靠在墙边,宋幼凝皮肤上出了许多冷汗,陷入应激状态下的他无法站起身来,呼吸也开始变得越来越乱。
他想,就在盛意家门口,里面……是盛意在跟别人起冲突吗?
在一起的这段时间,盛意一改往前逃课、懒散的形象,宋幼凝几乎整天跟他腻在一起,也没有再看见他打过架,身上多出过伤。
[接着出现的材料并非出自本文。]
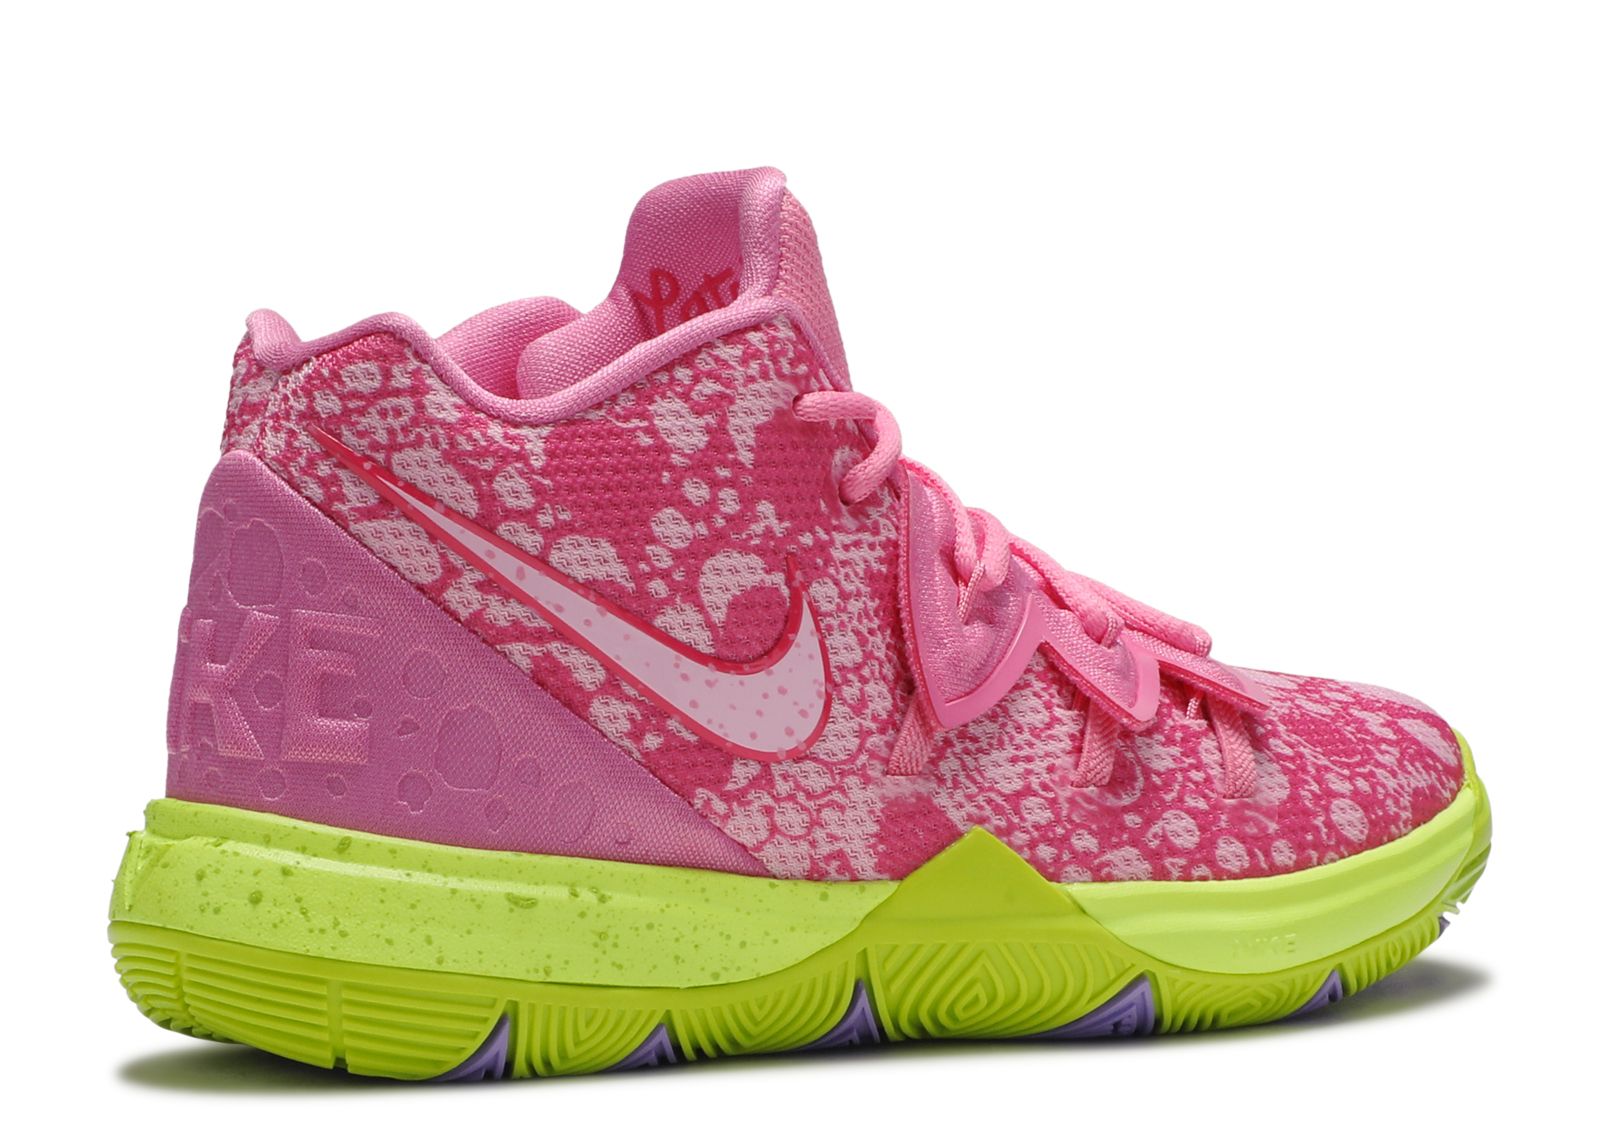 kyrie patrick basketball shoes

连老师和同学们,都不自觉渐渐不再对盛意敬而远之,关柿还打趣,说盛意是要退位让贤,把“校霸”的名头让给别人当了。
说好了不会再跟人打架的。
盛意还是……在骗他吗?
眼眶不自觉红了几息,心里乱糟糟地想着这些,宋幼凝不知道耳朵里的高亢叫声是什么时候停的,等他恢复了一点力气,从应激的状态里缓过来一点时,头还埋在膝盖中间,鼻尖就突然闻到了淡淡的血腥气,自头顶处慢慢朝他飘过来。
“宝宝。”
低沉嗓音随即也在近在咫尺的地方响起。
是盛意略显喑哑的声音。
咬了咬嘴唇,宋幼凝抬起脸,眼睛湿漉漉地望向出声叫他的人。
第一眼是盛意伸过来捏他脸颊的手。
顺着手背往上,青筋凸起的手臂上俨然破了很长的一道口子,血液顺着那条手臂,滴滴答答往下流淌。
宋幼凝一下子就哭了出来。
“盛意。”
宋幼凝哭着叫盛意的大名,在盛意顿了顿要来抱他起来的时候,他偏头躲开人,视线从那处伤口上移开,他瞪着对面弯腰向他伸出手臂的人,很委屈又装作很凶地质问。
“你又打架?”
“你为什么……骗我……”
耳鸣消失了,但耳朵边还是嗡嗡嗡的,盛意看起来不愿多说,不想在这个时候跟他解释,仍旧弯了腰,无视他的躲避,将蹲在墙边的他一把单手拽起抱了起来。